The most iconic alcoholic beverage of Americana, bourbon, has been targeted by the trade wars between the U.S. and Mexico. After the U.S. government imposed tariffs on Mexican steel and aluminum, its Mexican counterparts retaliated by taxing several American goods, including Southern-style whiskey.

But some trust the market’s loyalty to alcoholic drinks, which are considered luxury products. Among them is Jeremy Albelda, an American-born immigrant in Mexico and part-owner of the Dog House Pub in Mexico City.

“People have been drinking it for a long time and they’re not really gonna stop, so it might affect but, hopefully, they like it so much that they won’t (chuckles),” Albelda said. "I don’t think it’s gonna affect us too much because, you know, whisky or alcohol in general is a luxury item, and if people want to have a Jack n’ Coke and it’s 10 cents more, they’ll still gonna make it happen.”

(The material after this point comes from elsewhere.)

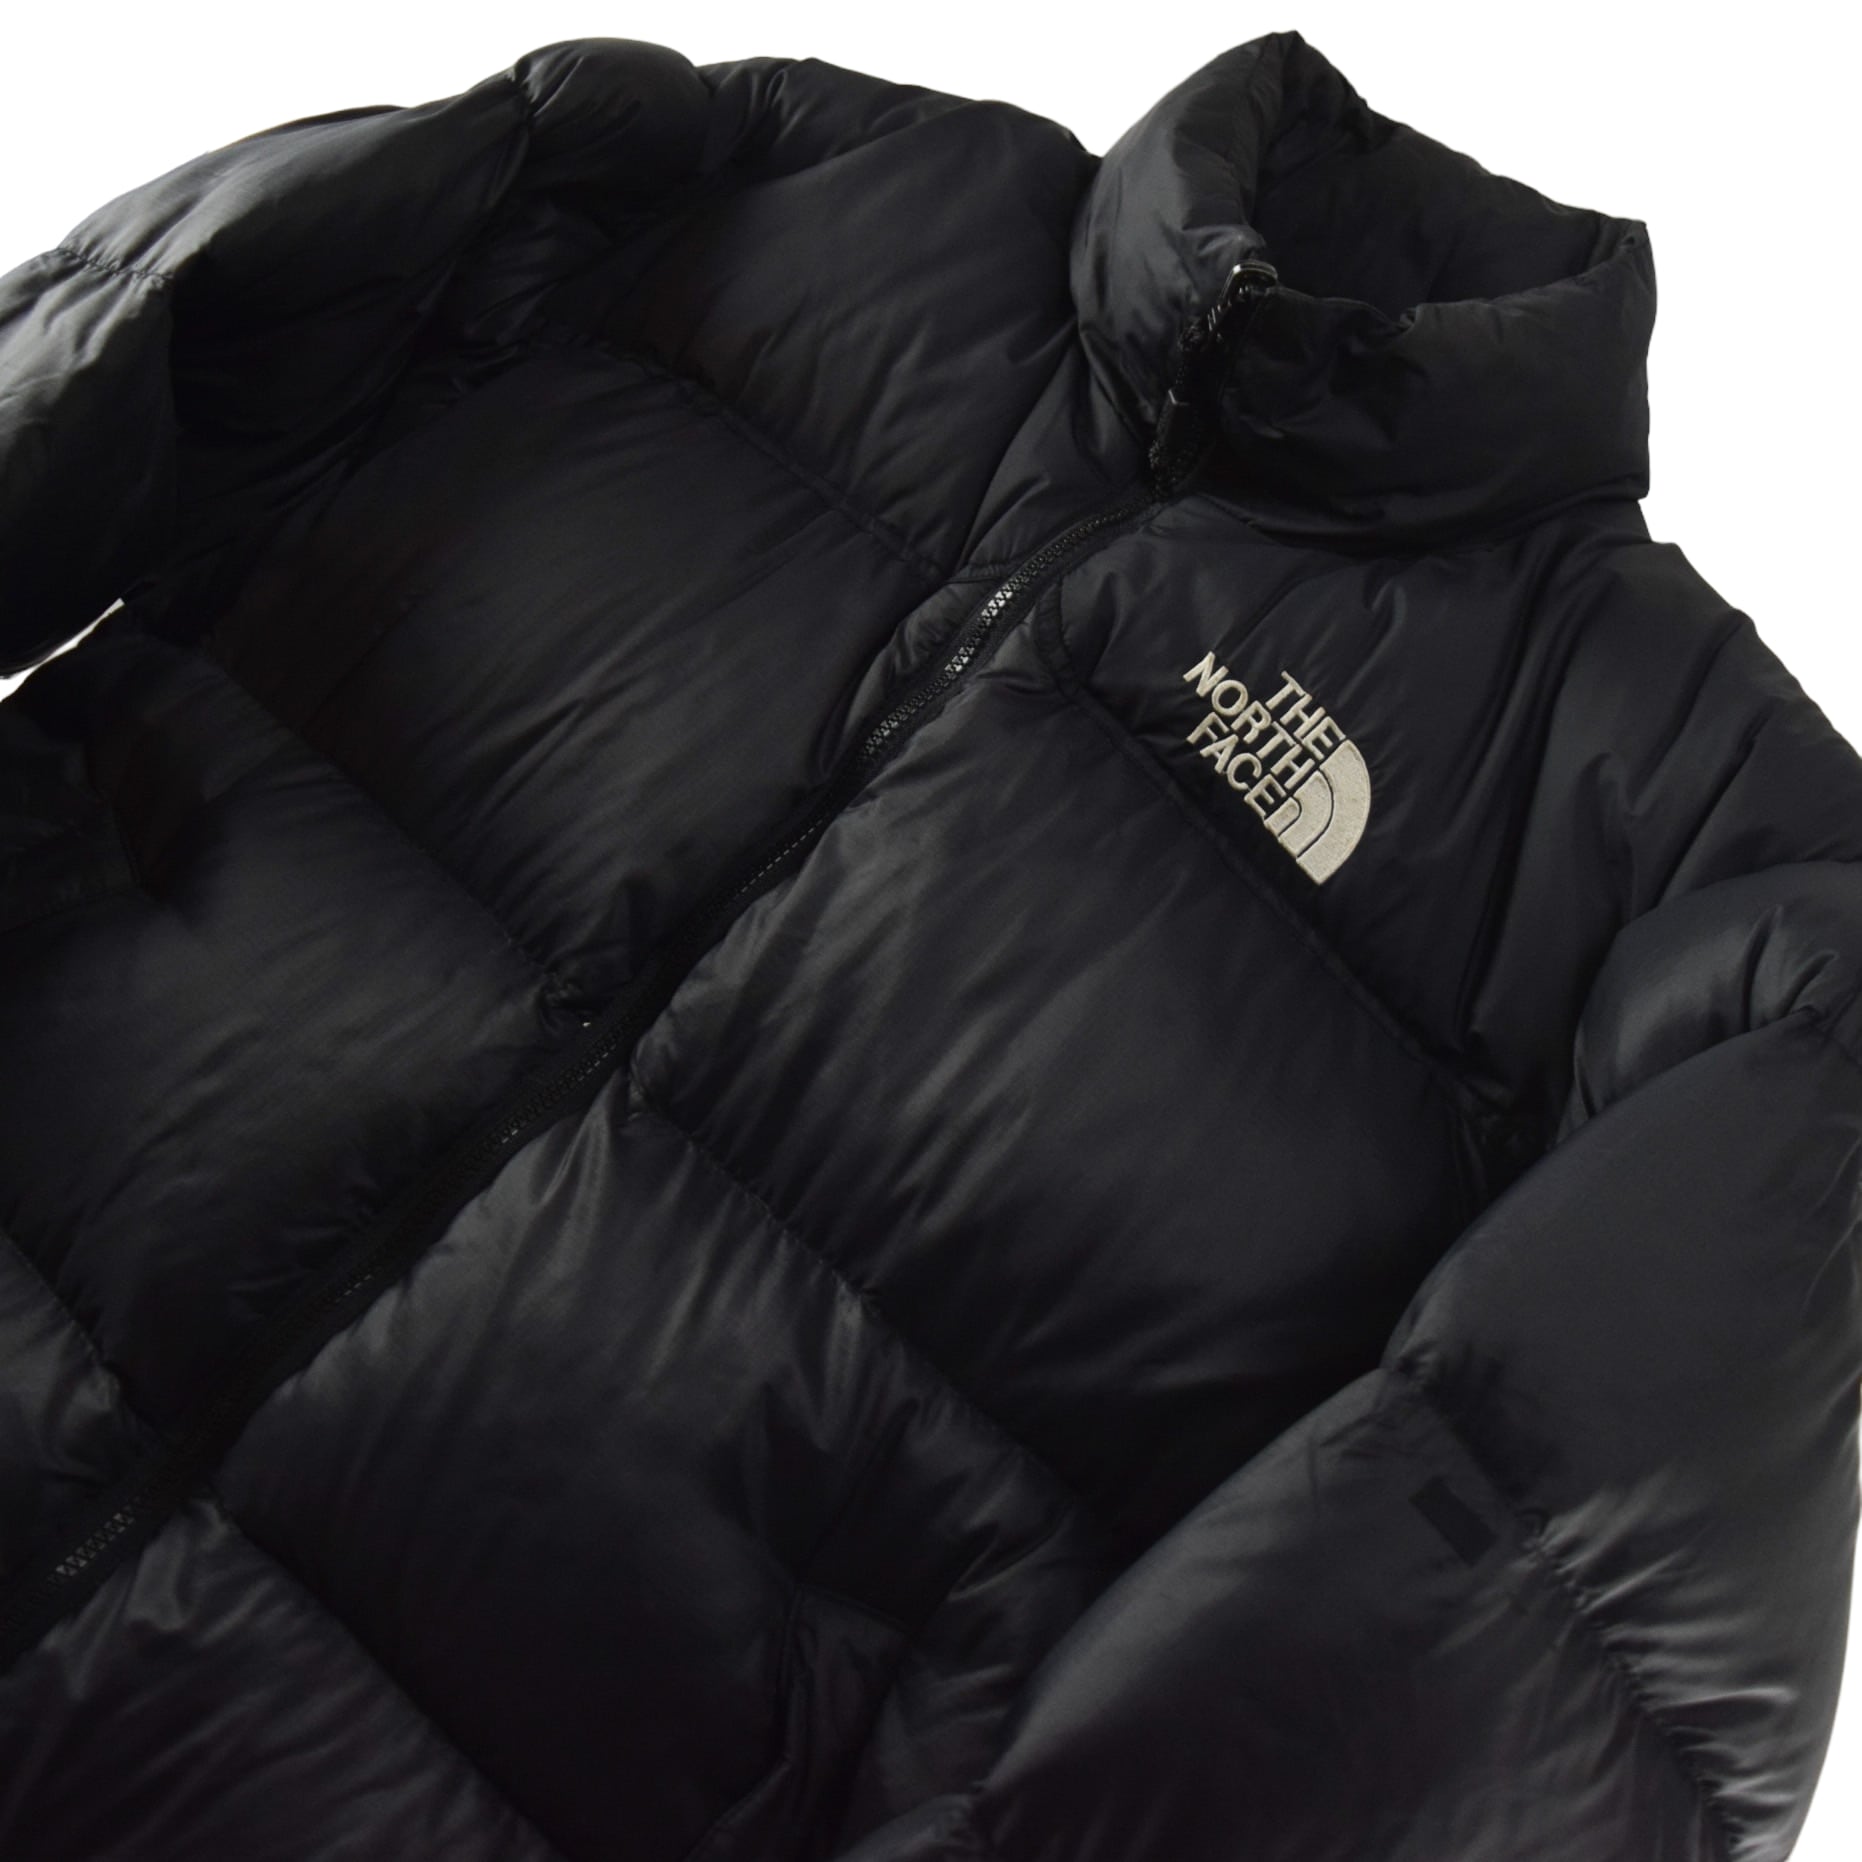 's "THE NORTH FACE" Nupste Vintage Down Jacket Black  Fill

But Albelda knows he’ll have to raise prices if importers don’t absorb the tariffs.

“Ugh, unfortunately the big heads on the top are fighting up there and who gets affected are us,” the business owner stated.

According to the Mexican secretary of economy, 3.1 million liters of whiskey entered Mexico from the United States in 2017. That's 7 percent more than the previous year, as well as being the highest volume in history.

“I think a lot of Americans don’t realize how many people south of the border are  buying our products; I think people don’t really realize that the Mexican market is  pretty sophisticated, especially when it comes to food and drink," Albelda said.

Others concerned are the producers of one of Mexico's signature drinks. The Mexican Council of Mezcal stated they fear an “eye for an eye” situation.

EDITOR'S NOTE: This story has been modified to correct  the spelling of Jeremy Albelda's name.